This archetype supports writing Scray compatible jobs by creating:
- directory structure
- pom.xml that creates an ueberjar for the job
- bin directory with shell script to start the jobs
- minimal job structure
Java | Scala | Spark | Hadoop |
---|---|---|---|
17 | 2.13 | 3.5.0 | 3.4 |
To use the archetype artefacts they must either be pulled from a archetype-repo or installed in the local repo.
mvn clean install
Archetypes are enhancements of maven ("plugins") that can generate new projects. To use them classical maven coordinates must be provided.
mvn archetype:generate \
-DarchetypeGroupId=org.scray \
-DarchetypeArtifactId=scray-archetype \
-DarchetypeVersion=1.1.6-SNAPSHOT
A local spark node will be started and this job will be executed on this node.
Example:
./bin/submit-job.sh \
--local-mode \
--master spark://<YOUR_LOCAL_IP>:7077 \
--total-executor-cores 4 \
-b \
-m spark://127.0.0.1:7077
The options --master
with the Spark master URL and --total-executor-cores
providing the number of cores are required by the runner script.

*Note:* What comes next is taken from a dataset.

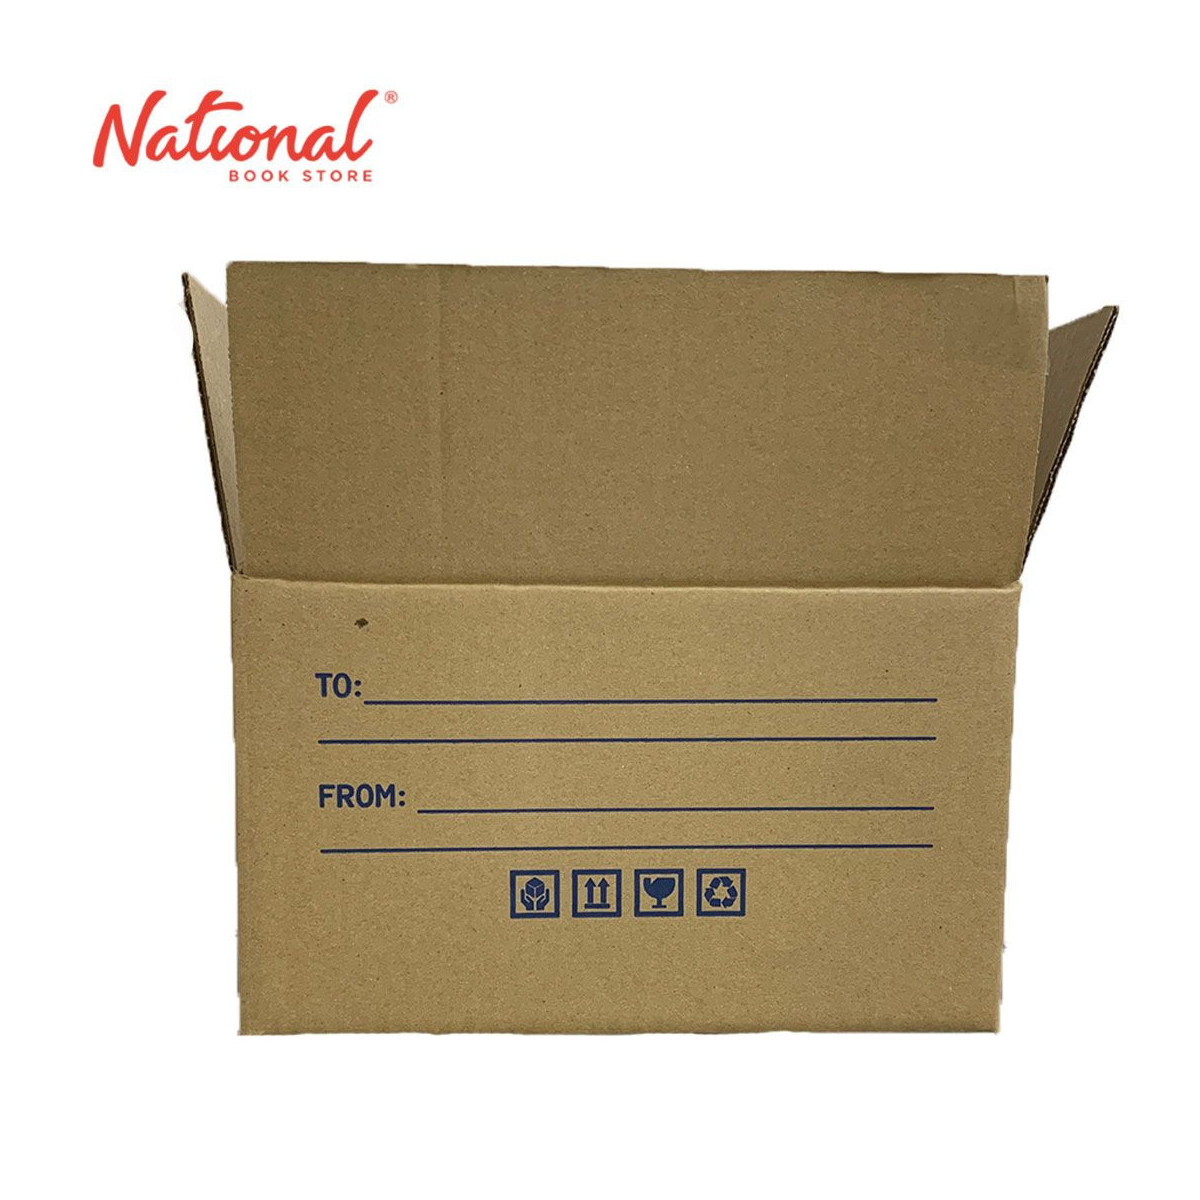 Parcel Box 225x170x130 mm Small 3 Pieces - Storage & Packaging Accessories

For the url of the master there are several options:
spark://<IP>:<Port>
(default port 7077)yarn-client
(run a job with a local client but execute on a Hadoop yarn cluster of spark workers)yarn-cluster
(run the client and the workers of the Spark job on a Hadoop yarn cluster)
./bin/submit-job.sh \
--local-mode \
--master spark://127.0.0.1:7077 \
--total-executor-cores 2 \
-b \
-m spark://127.0.0.1:7077
./bin/submit-job.sh \
--local-mode \
--master spark://127.0.0.1:7077 \
--total-executor-cores 2 \
-m spark://127.0.0.1:7077 \
-t db-nifi \
-k www.db.opendata.s-node.de:9092 \
-p /tmp/